Limitations & Future Work¶
- Analysis is limited to continuous gradient flow and does not cover discrete optimization algorithms (SGD, Adam).
- Only establishes intrinsic dynamics (step i) without progressing to mirror flow (step ii).
- The case for linear networks when \(r > \max(n, m)\) remains an open problem.
- Lacks numerical validation experiments.
- The Frobenius property does not hold for attention layers, requiring indirect analysis.
Related Work & Insights¶
- Arora et al. (2019): Balanced initialization and conservation laws \(\rightarrow\) Generalized to relaxed balanced in this paper.
- Marcotte et al. (2023): Involutive condition \(\rightarrow\) Weakened to Frobenius condition in this paper.
- Li et al. (2022): Commuting condition (a special case of Frobenius) \(\rightarrow\) mirror flow.
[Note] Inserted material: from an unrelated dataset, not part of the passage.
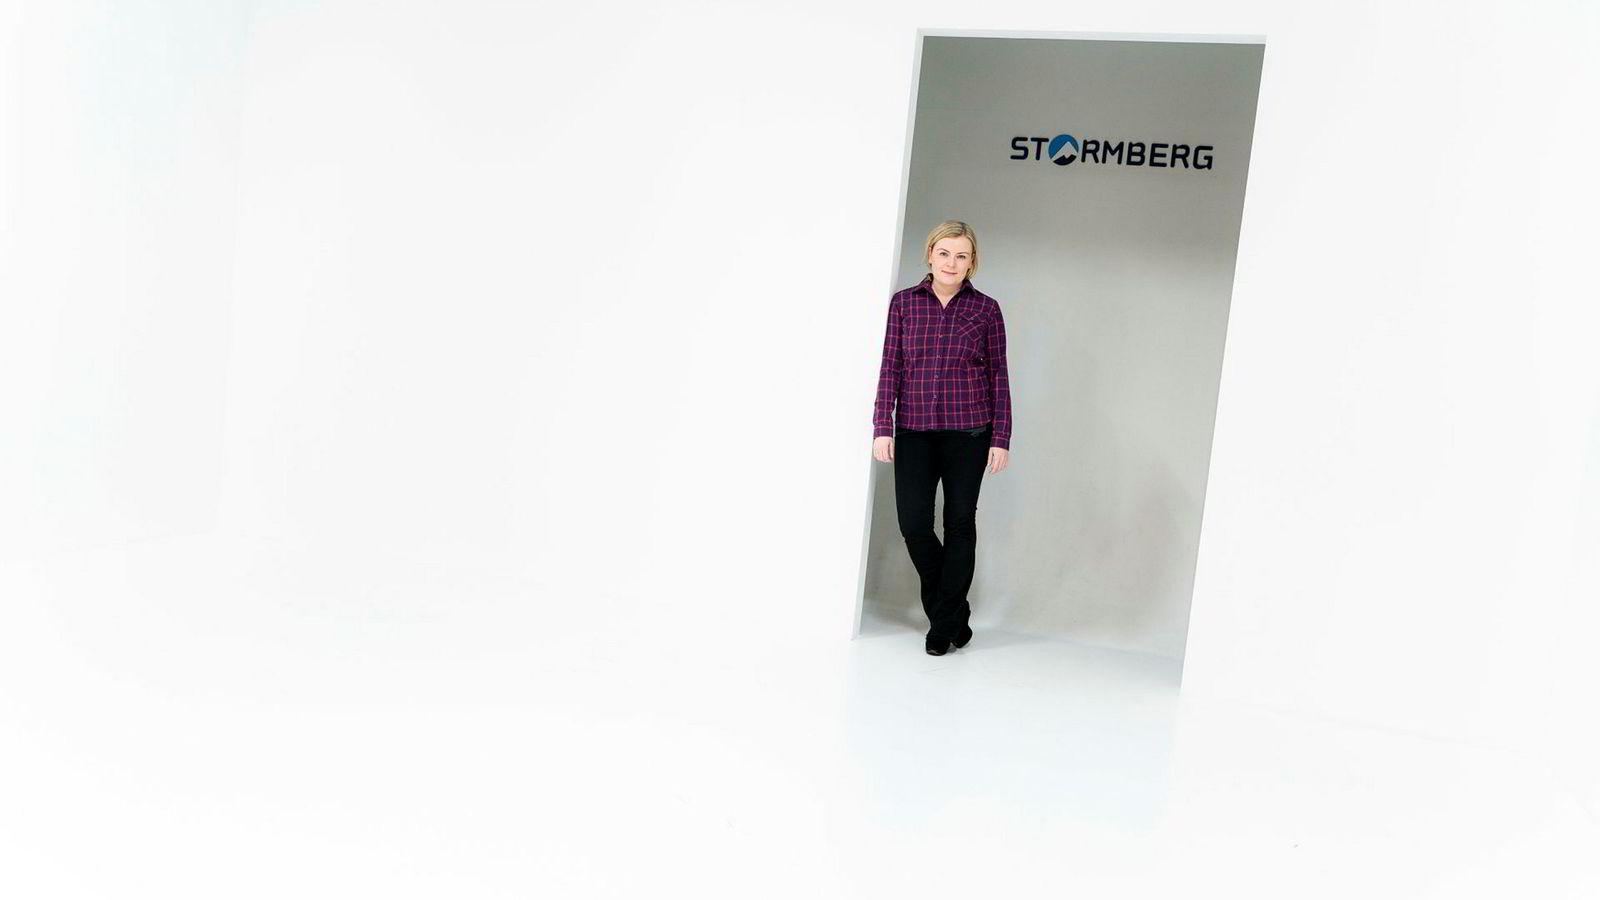 2018 ble et kjølig år for Stormberg, det kjøligste på ti år. Samtidig har daglig leder i Stormberg, Hege Nilsen Ekberg, måttet stå i stormen etter ulvedebatten i vinter.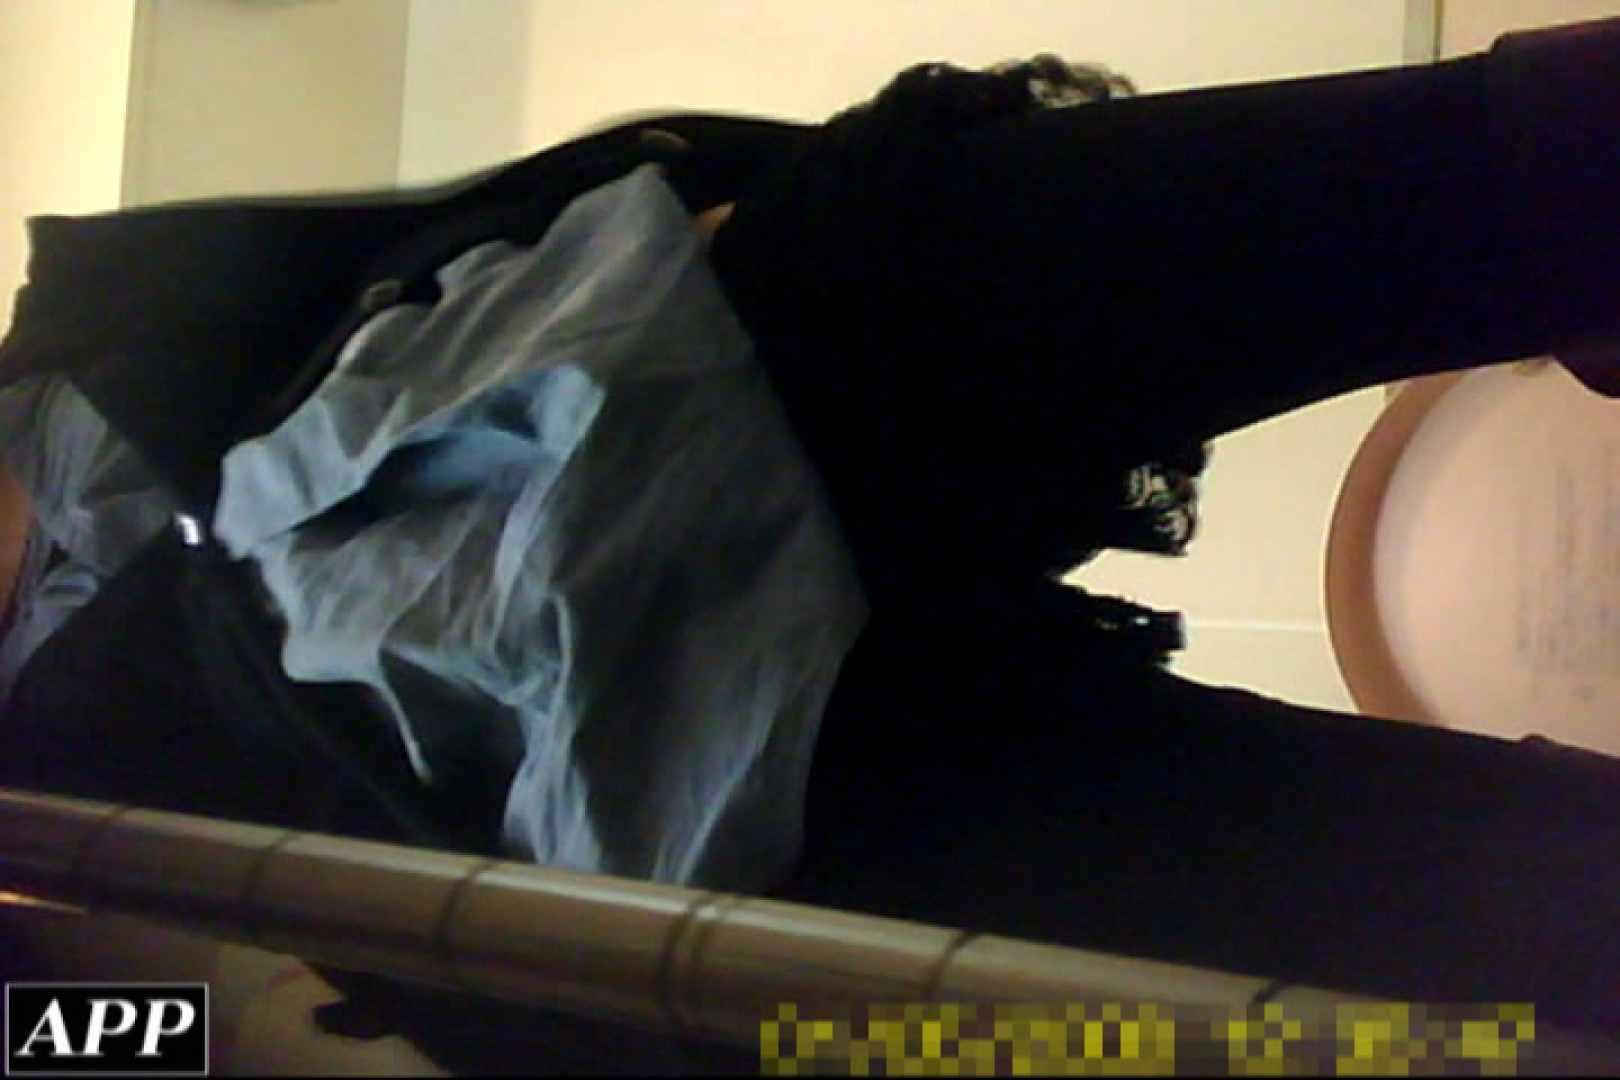 3視点洗面所 vol.64 マンコエロすぎ SEX無修正画像 112PIX 2

- Gonon et al. (2024): Path-lifting framework \(\rightarrow\) This paper proves it satisfies the Frobenius property.
- Insight: Lays the theoretical foundation for future analysis of warped mirror flow and implicit bias in practical architectures.
Rating¶
- Novelty: ⭐⭐⭐⭐⭐ Established a complete hierarchical theory; universal results for ReLU are a major breakthrough.
- Experimental Thoroughness: ⭐⭐⭐ Purely theoretical work; theorems are rigorous but lack numerical validation.
- Writing Quality: ⭐⭐⭐⭐⭐ Definitions and theorems progress logically; the framework is elegant and clear.
- Value: ⭐⭐⭐⭐ Provides a significant theoretical cornerstone for understanding implicit bias.